Force clarifier to search before asking clarification questions (#234) by torkian · Pull Request #245 · NVIDIA-AI-Blueprints/aiq

torkian · 2026-05-19T02:32:24Z

Closes #234.

Summary

The clarifier agent already had tool-calling bound to a search loop, but weak or non-frontier models routinely skipped the search and asked the user a clarification question immediately. The expected behavior — and what the issue asks for — is to gather context with the available tools first, and only ask the user once a genuine ambiguity remains.

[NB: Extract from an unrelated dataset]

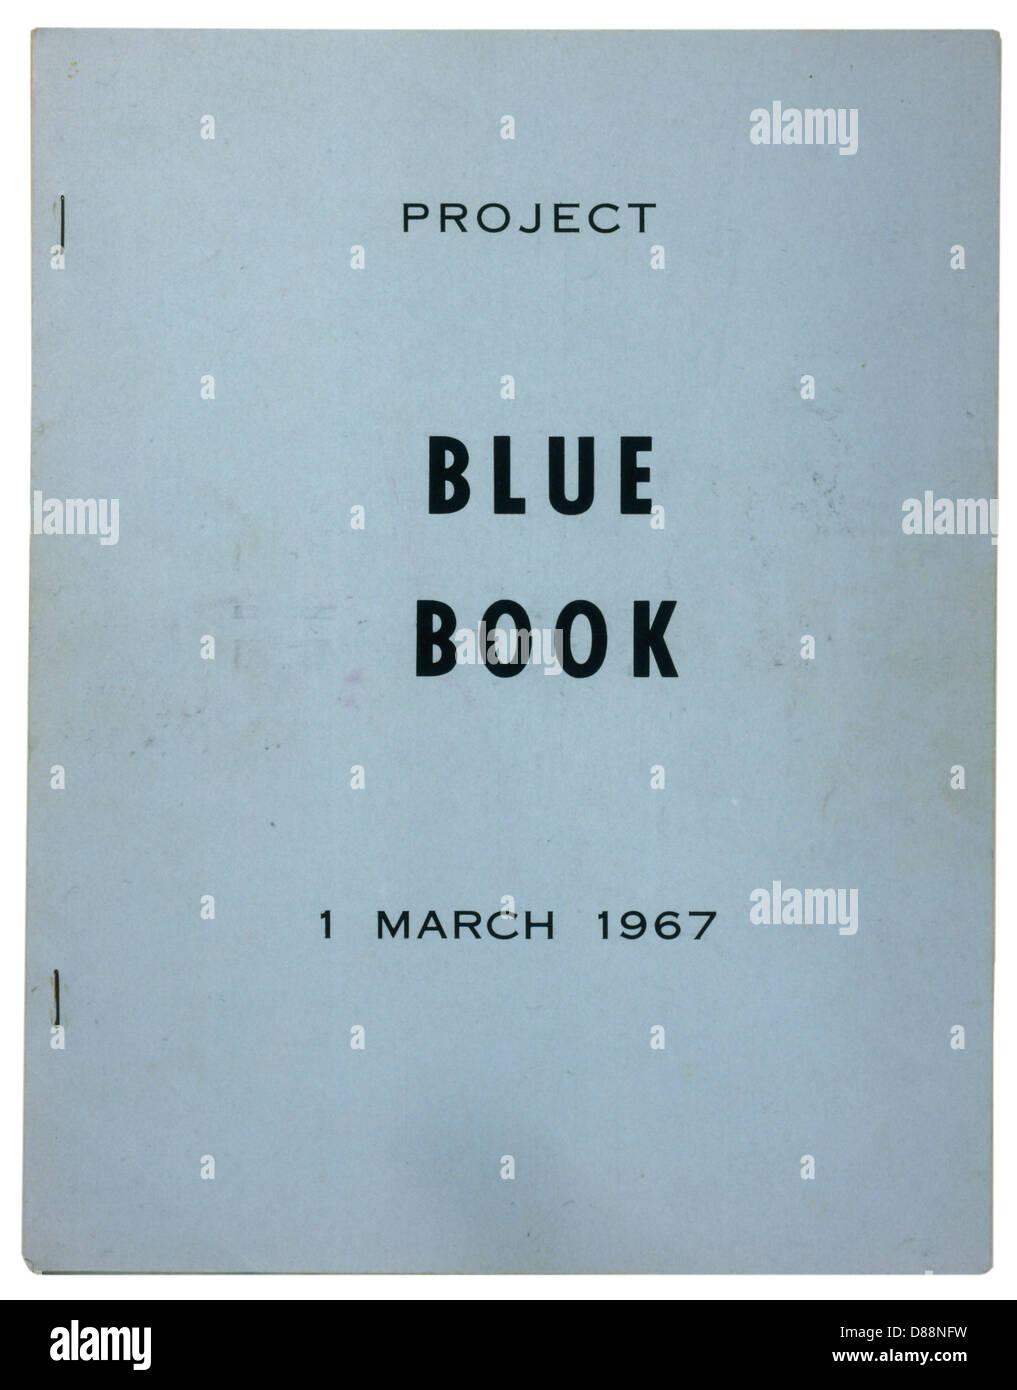 El Libro Azul descrito Imagen De Stock

This fixes the bug at the agent level (the issue explicitly says "this should not be overly prompt engineered for one model"), with a small prompt update as a supporting hint.

Changes

Inline search-before-clarify retry in agent_node. On the first turn, if the model returns a clarification request without using its bound search tools, the node nudges it once with FORCE_SEARCH_GUIDANCE and re-invokes the LLM inline, returning both the original response and the retry. No extra graph node or state field is needed.
One-shot by construction. The retry fires only when iteration == 0 (so it never fires after the user has replied) and not _has_tool_invocations(state.messages) (so once any tool call is in history — e.g. after a successful forced search, even while iteration is still 0 — it never re-nudges). A model that stubbornly refuses to search after the single nudge simply falls through to asking the user; no loop.
Guidance stays ephemeral. FORCE_SEARCH_GUIDANCE is sent only in the local retry_messages and is never returned to state, so it cannot leak into get_latest_user_query or other history lookups (which would otherwise surface internal scaffolding in fallback text).
prompts/research_clarification.j2 Tool Usage section rewritten as "Search first, ask second" so frontier models follow this voluntarily and skip the nudge entirely.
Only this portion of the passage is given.